So I'm still a little bitter over the whole brew-ha-ha about blogging about work. That said, I'm still going to blog about my feelings without getting into the details of my actual experiences; I've got to be safe that way, right? If not, I'm calling the frickin' ACLU.
I posted on Facebook earlier this week that I'm oddly surprised that during the past week I've experienced more days that I've enjoyed my job than not. I've only been at this whole therapy-for-inmates thing for a little over three months, but I've gained so much knowledge about what's involved by being a state employee, how the mental health portion of the Department of Health Services works in conjunction with the Department of Corrections, my direct supervisors' expectations of me, my own expectations of myself (and how unrealistic they've been), the support that is available from my coworkers and supervisors and, in some small ways, how to manage all of that in addition to the stress of working with the clients that I have on my caseload. Even though I've only been there for a bit over three months, I feel like I could write one of those "if I knew then what I know now" letters to my three-month-ago self. Here's what I'd likely tell myself on May 20, 2013:
Girlfriend, welcome to the state of Wisconsin, not as where you live, but as your employer. There are going to be people who pay more attention to what you wear on your feet than they do to inmates violating policies.
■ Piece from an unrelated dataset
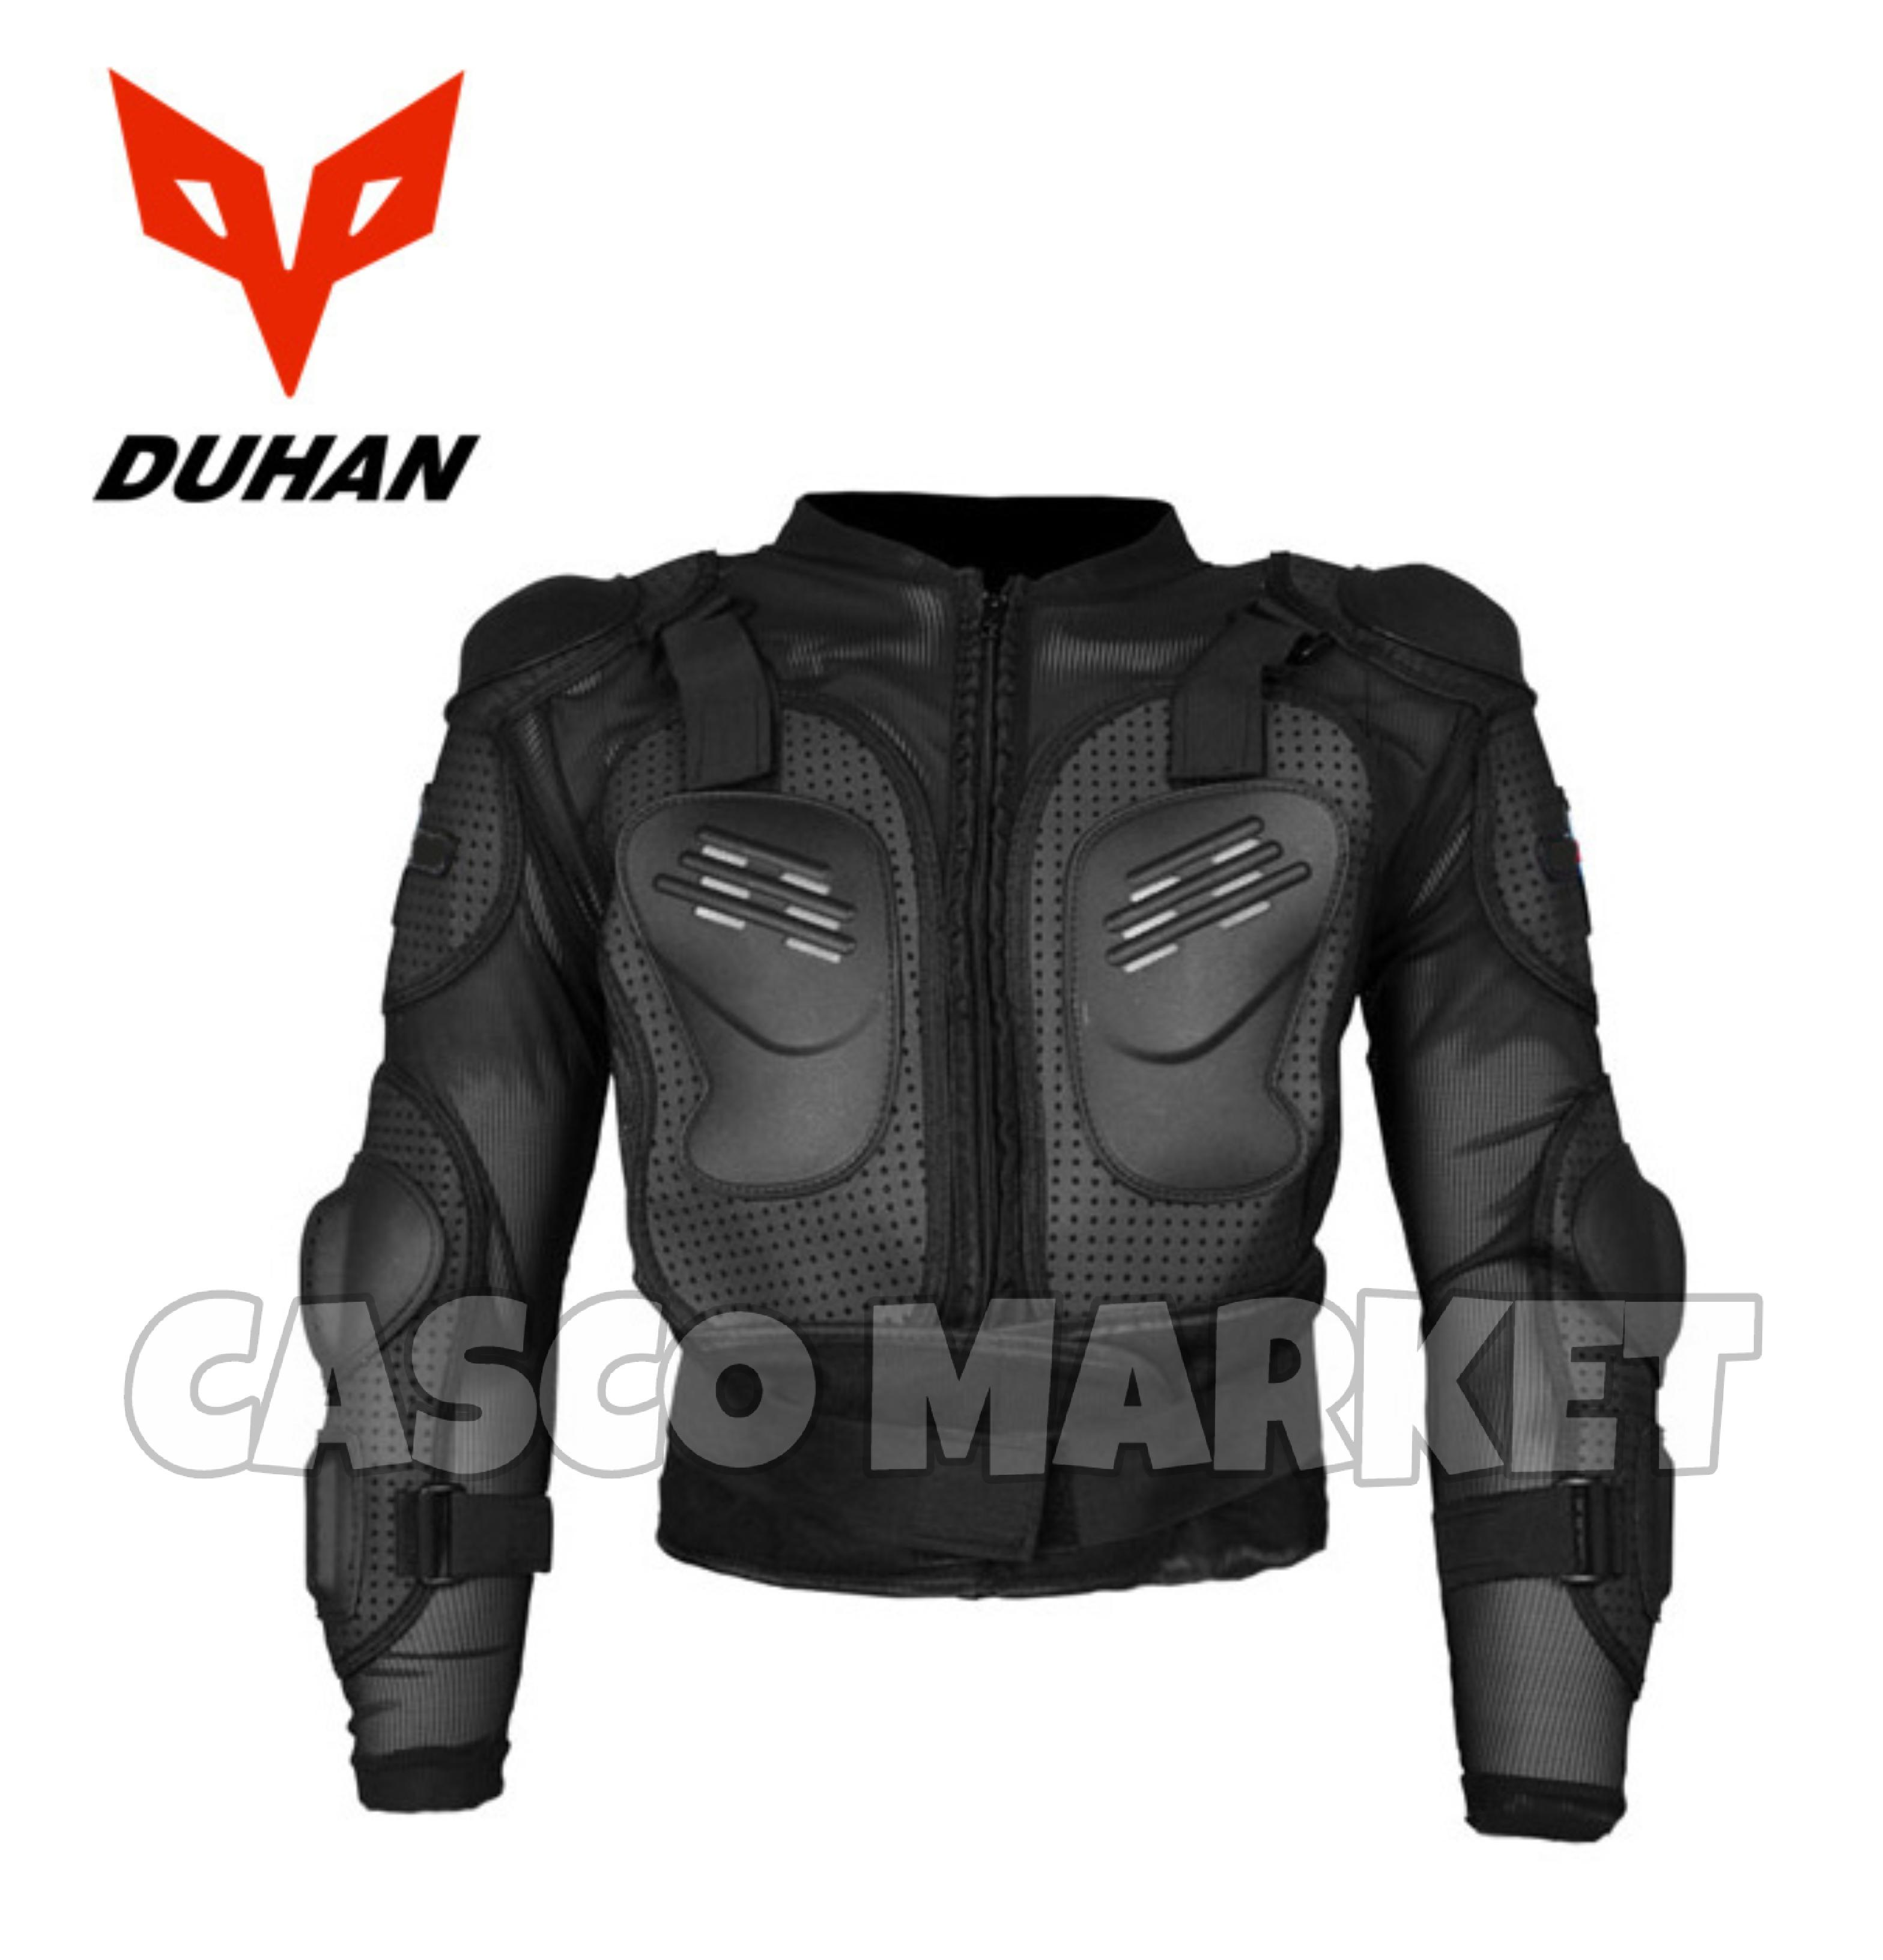 007b4f006630 DUHAN Moto Armor Motorcross Mx off road gear one size adjustable Full Body  Armor Jacket motocross

Deal with it. You've worked with people like this before and you probably will in the future. You've got six months of probationary status staring you in the face, so choose your battles wisely. At this point, shoes are not worth fighting over.
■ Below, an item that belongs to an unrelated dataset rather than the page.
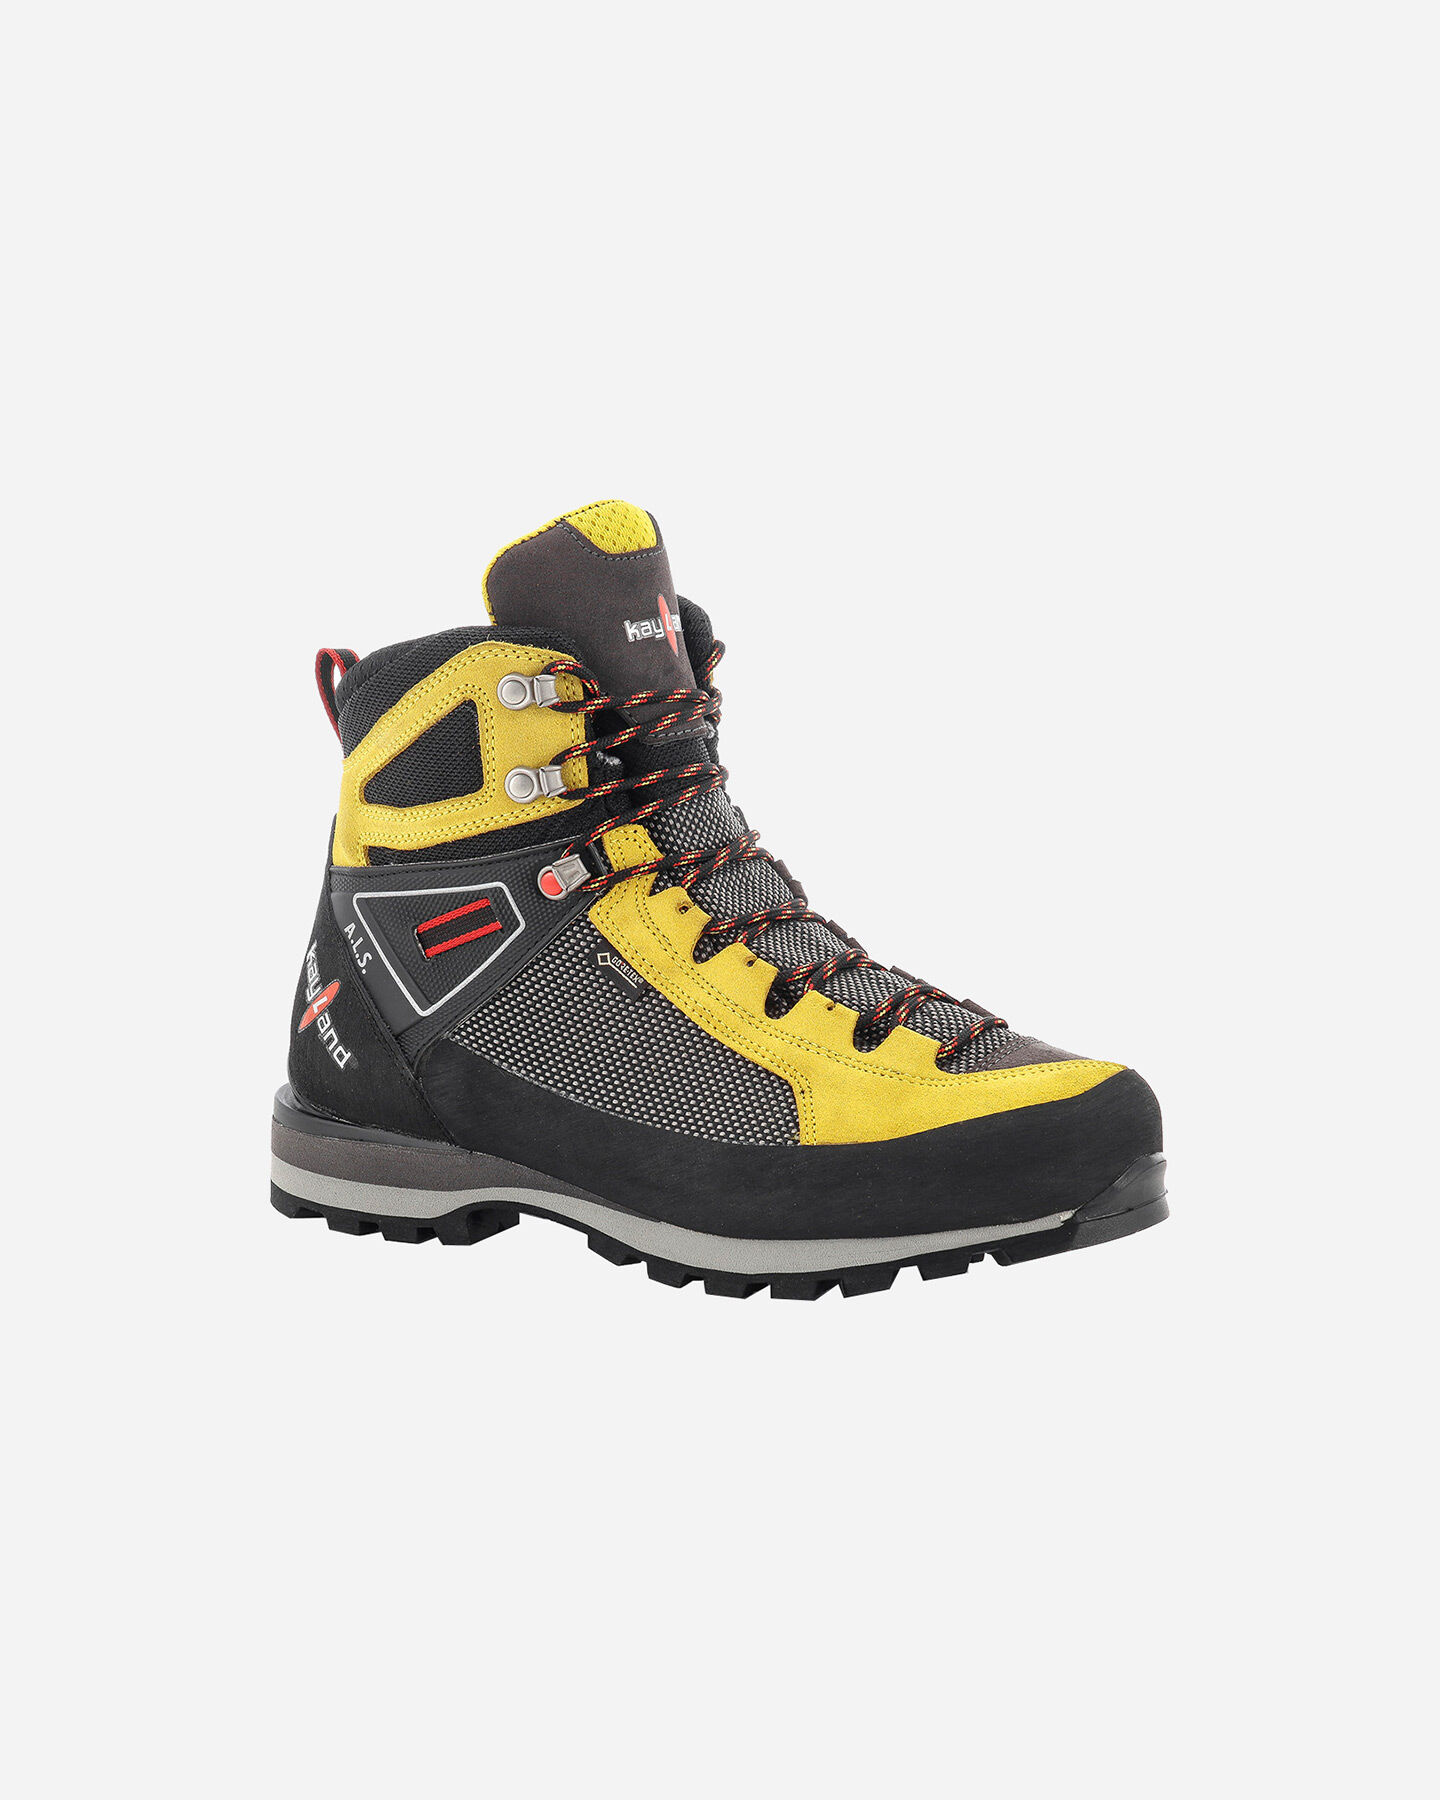 Scarpe alpinismo KAYLAND CROSS MOUNTAIN GTX M S4096136 scatto 1

Be prepared to give up some things in order to enjoy the seriously substantial pay increase you just received, the fact that you're going to get paid for a holiday after working here for all of five days, your insurance premiums are going to go way down and you'll have much better coverage compared to where you came from, and as of 7:46am today you're already accruing personal holiday time and sick time.
Parking is going to suck. Consider that it will take you about 10-12 minutes to get from your car to your desk and you need to be at your desk at 7:45am each day. And that's if you don't get "caught up in count" when you can only move around the North Building once "count has cleared." Because you're new, people are going to wonder who you are when you pass them in the hall; make sure your state issued ID is clearly visible and say, "Hello" or "Good morning" to everyone. (I'd do that anyway because I'm generally a friendly person.)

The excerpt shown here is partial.